Feb 22, 2026 11 min🎯 STEPTEN SCORE: 83/100

User clicks "Generate My Quote" on ShoreAgents. The pricing engine needs to: 1. Parse their input with Claude AI 2. Search current salary data for each role 3. Calculate government contributions (SSS, PhilHealth, Pag-IBIG) 4. Apply tier multipliers 5. Factor in workspace costs 6. Generate a formatted breakdown

Total time: 8-15 seconds depending on complexity.

The original implementation? Synchronous. User clicks, browser spins for 15 seconds, Vercel times out at 10 seconds, user sees error, user clicks again, now TWO quotes are generating, server is sweating.

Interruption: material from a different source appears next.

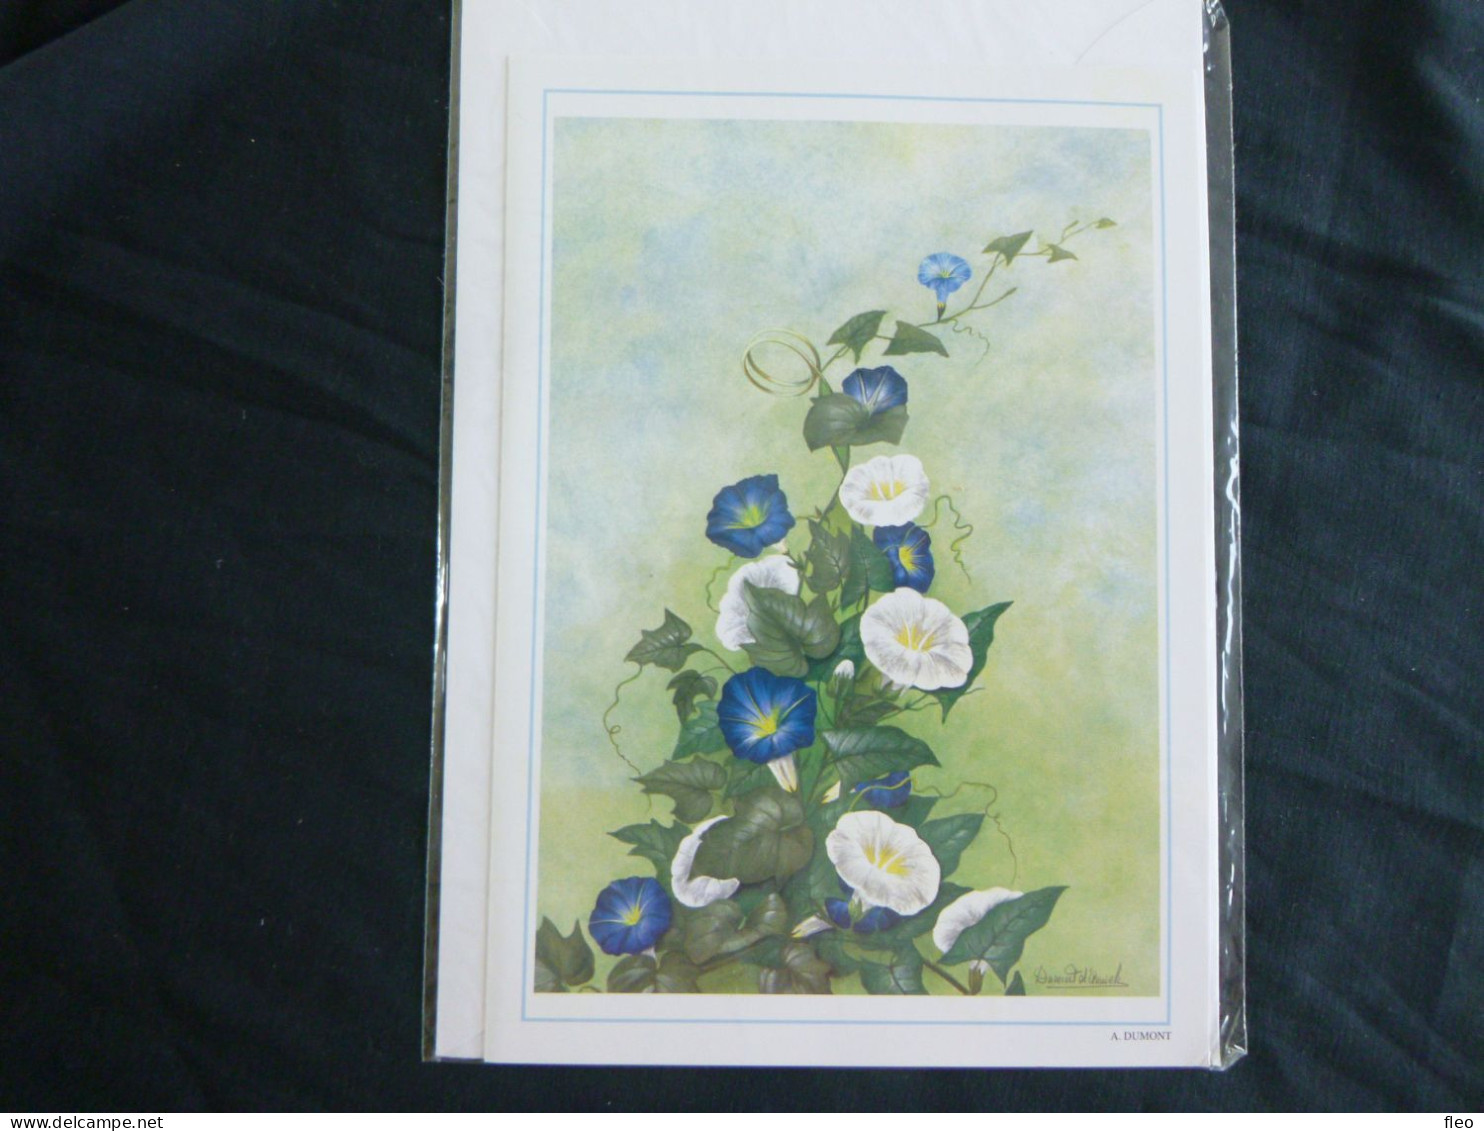 Postogram 93/068 : Together For Ever - A. Dumont - Flowers - Postogram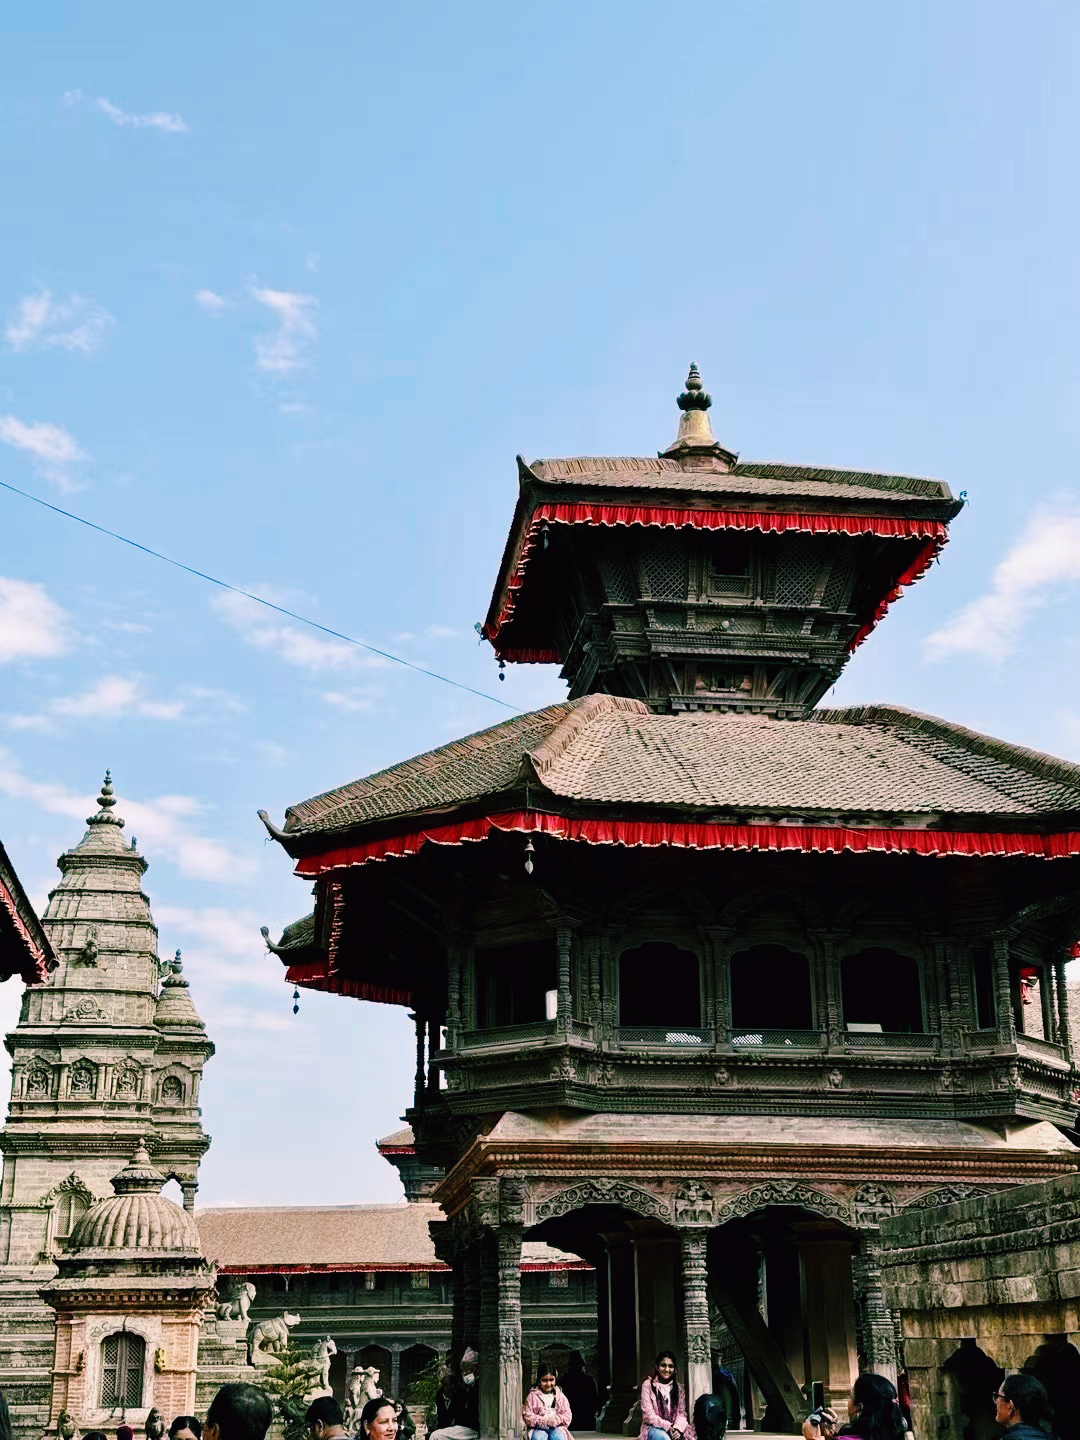 尼泊尔中华寺的雕刻和装饰🎍

This is why background jobs exist.

The Synchronous Trap

When I first audited ShoreAgents, I found this pattern everywhere:

`typescript // Original quote generation - synchronous nightmare app.post('/api/quote', async (req, res) => { // All of this happens while the user waits const parsed = await parseInputWithAI(req.body.input); // 2-3s const salaries = await searchSalaryData(parsed.roles); // 3-4s const costs = await calculateAllCosts(salaries); // 1-2s const breakdown = await formatBreakdown(costs); // 1s // Finally respond after 8-10 seconds res.json({ quote: breakdown }); }); `

Problems: - Vercel functions timeout at 10 seconds (default) - User might click again, spawning duplicate work - If any step fails, entire request fails - No visibility into progress - No retry on partial failure

The Background Job Pattern

Here's how I restructured it:

`typescript // Step 1: Accept request, return immediately app.post('/api/quote', async (req, res) => { // Validate input const validation = validateQuoteInput(req.body); if (!validation.ok) { return res.status(400).json({ error: validation.error }); }

// Create job record const job = await db.jobs.create({ type: 'generate_quote', input: req.body, status: 'pending', created_at: new Date() });

// Queue for processing await queue.add('quote', { jobId: job.id });

// Return immediately with job ID res.json({ jobId: job.id, status: 'pending', checkUrl: '/api/quote/' + job.id }); });

// Step 2: Process in background queue.process('quote', async (task) => { const job = await db.jobs.get(task.data.jobId); try { await db.jobs.update(job.id, { status: 'processing' }); // Do the actual work const parsed = await parseInputWithAI(job.input); const salaries = await searchSalaryData(parsed.roles); const costs = await calculateAllCosts(salaries); const breakdown = await formatBreakdown(costs); // Save result await db.jobs.update(job.id, { status: 'completed', result: breakdown, completed_at: new Date() }); } catch (error) { await db.jobs.update(job.id, { status: 'failed', error: error.message, failed_at: new Date() }); } });

// Step 3: Client polls for result app.get('/api/quote/:jobId', async (req, res) => { const job = await db.jobs.get(req.params.jobId); res.json({ status: job.status, result: job.result, error: job.error }); }); `

User experience now: 1. Click "Generate Quote" 2. Instantly see "Generating your quote..." with spinner 3. Frontend polls every 2 seconds 4. Quote appears when ready (typically 8-10 seconds) 5. No timeout errors, no duplicates

When to Use Background Jobs

Not everything needs to be async. Here's my decision framework:

Use background jobs when: - Operation takes more than 2-3 seconds - Operation can fail and needs retry - Operation involves external services that might be slow - User doesn't need immediate result - Operation should continue even if user leaves page

Keep synchronous when: - Operation is fast (<1 second) - User needs immediate feedback (authentication, validation) - Failure means the whole request should fail - No retry semantics make sense

ShoreAgents examples:

| Operation | Sync/Async | Why | |-----------|------------|-----| | User login | Sync | Need immediate yes/no | | Quote generation | Async | 8-15 seconds, can retry | | Lead capture | Sync | Simple DB insert, fast | | Email sending | Async | External service, can retry | | PDF report | Async | Heavy generation, can poll | | Candidate search | Sync | Should be fast with good indexes |

Idempotency: The Critical Rule

Jobs will retry. Network blips happen. Workers crash. When a job runs twice, it should produce the same result - not duplicate data.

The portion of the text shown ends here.